**Brief:** Transcribe the data exactly, omitting whatever pictures it holds.

**Information supplied:**
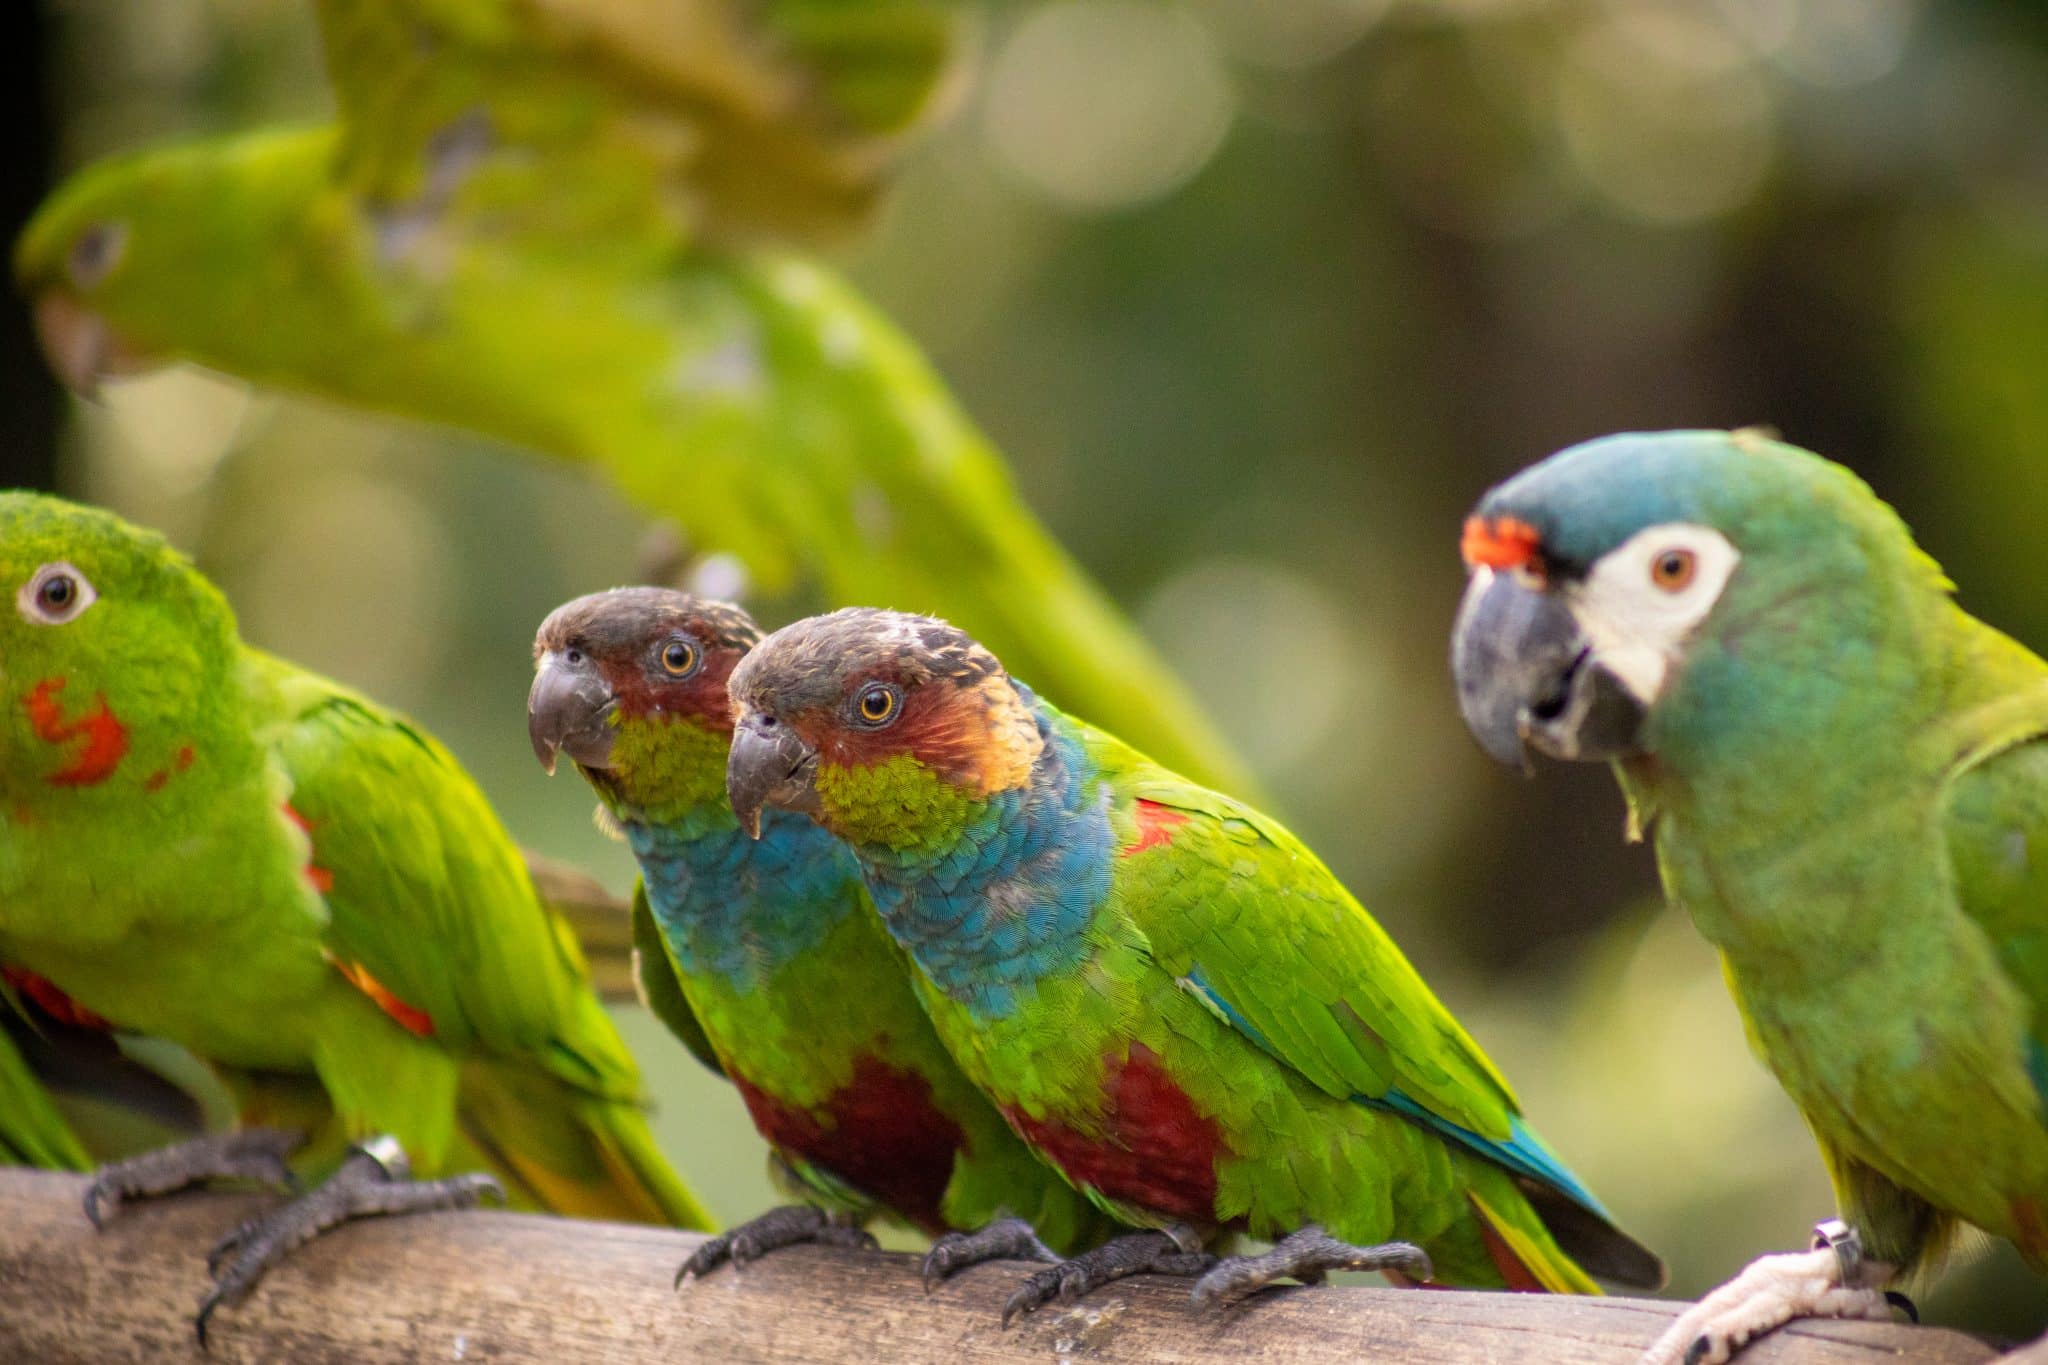 A imagem exibe três pequenos papagaios, cada um apresentando uma vibrante mistura de verde, azul, vermelho e amarelo em suas penas, possivelmente lorikeets ou uma espécie similar. Eles estão empoleirados em um galho, com o foco principal nos dois da frente, que olham curiosamente para algo fora do quadro, enquanto o terceiro, ao fundo, parece observar algo fora de vista. O cenário é natural e bem iluminado, sugerindo um habitat em um parque de aves, onde os visitantes podem apreciar essas aves coloridas de perto. A imagem capta a beleza e a variedade de cores dessas ave.
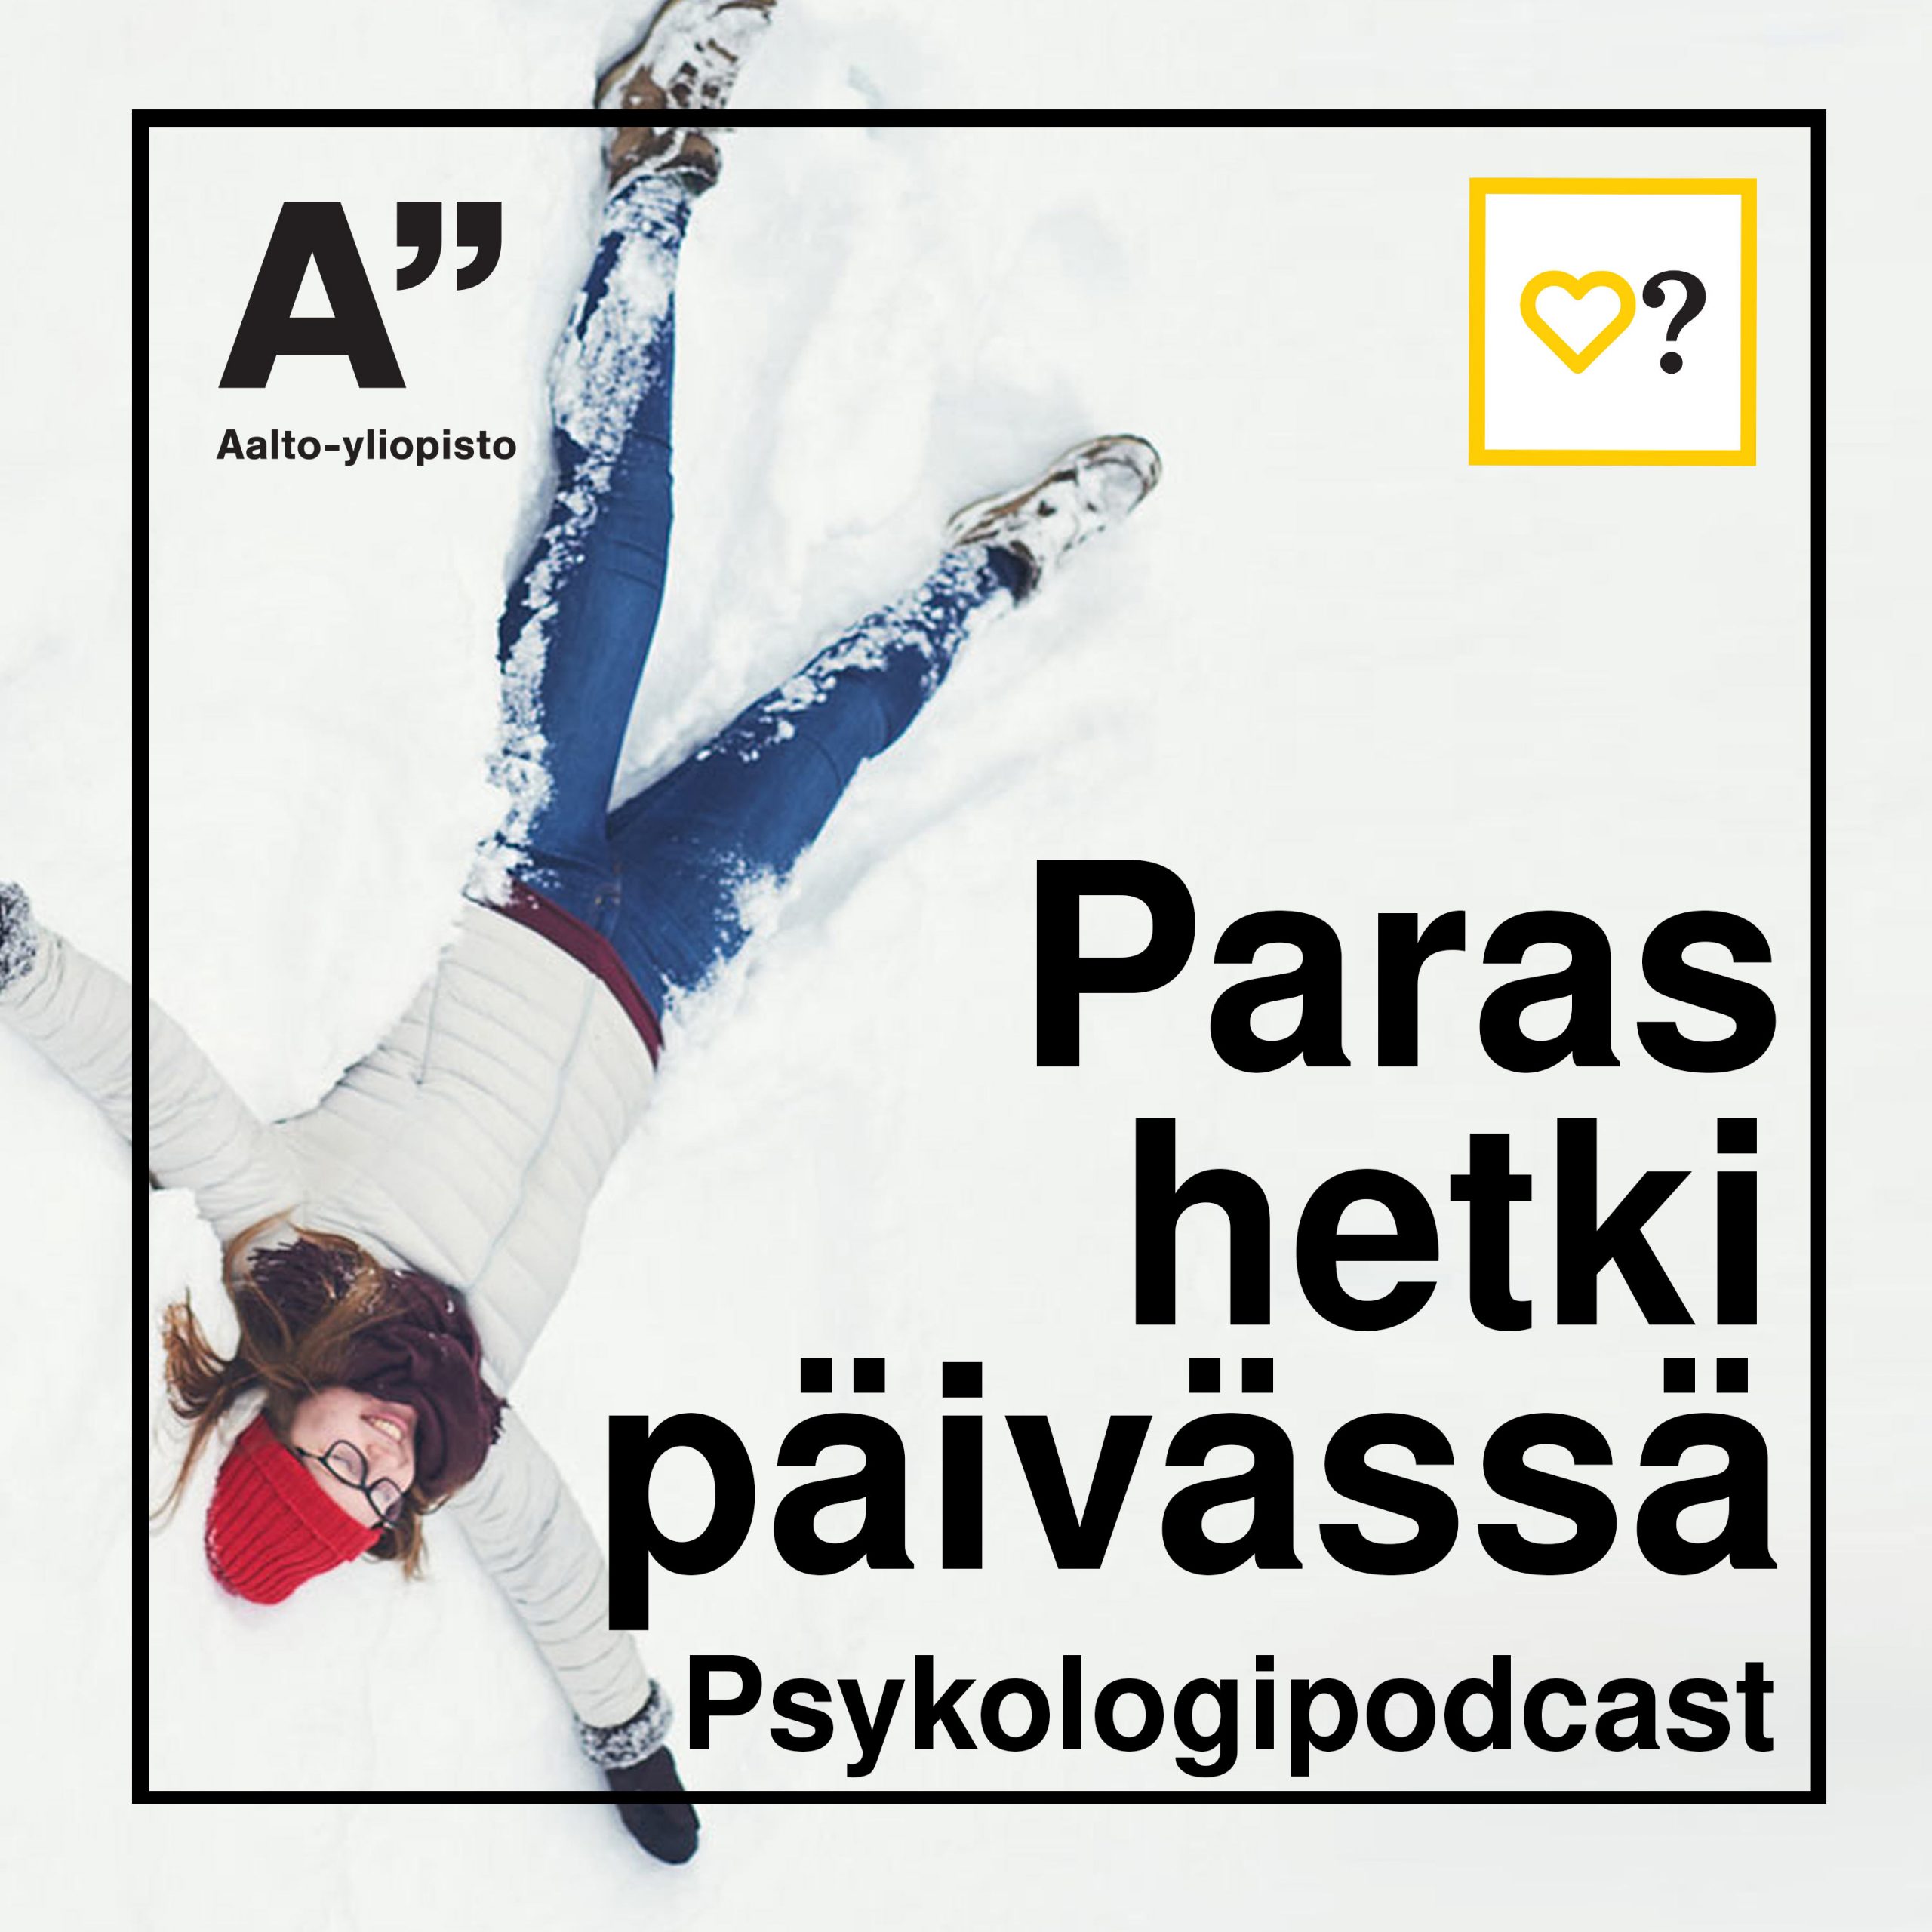 Paras hetki päivässä on Aalto-yliopiston opinto- ja uraohjauspsykologien podcast.
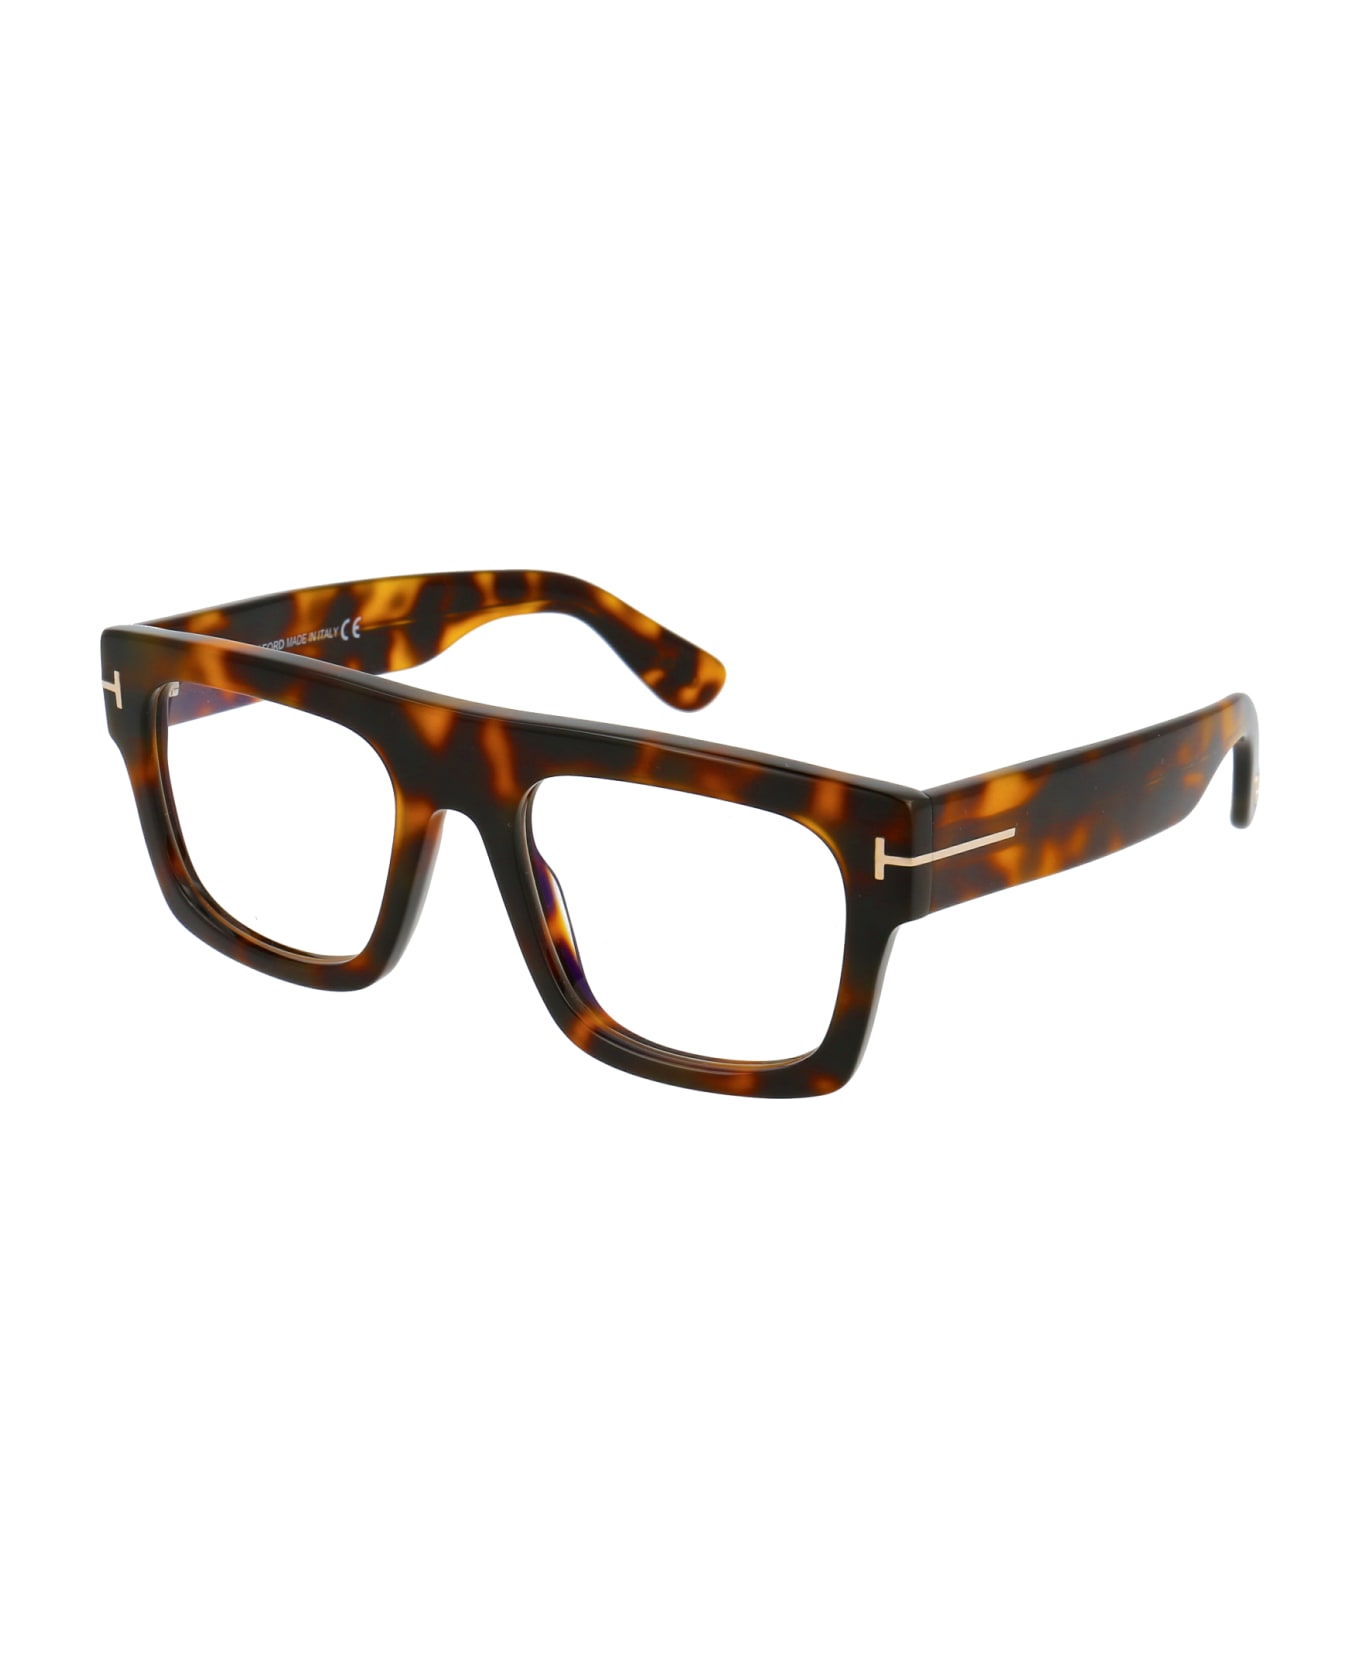 Tom Ford Eyewear Ft5634-b Glasses - 056 Avana/Altro

**Answer area:**
 A imagem exibe três pequenos papagaios, cada um apresentando uma vibrante mistura de verde, azul, vermelho e amarelo em suas penas, possivelmente lorikeets ou uma espécie similar. Eles estão empoleirados em um galho, com o foco principal nos dois da frente, que olham curiosamente para algo fora do quadro, enquanto o terceiro, ao fundo, parece observar algo fora de vista. O cenário é natural e bem iluminado, sugerindo um habitat em um parque de aves, onde os visitantes podem apreciar essas aves coloridas de perto. A imagem capta a beleza e a variedade de cores dessas ave.
 Paras hetki päivässä on Aalto-yliopiston opinto- ja uraohjauspsykologien podcast.
 Tom Ford Eyewear Ft5634-b Glasses - 056 Avana/Altro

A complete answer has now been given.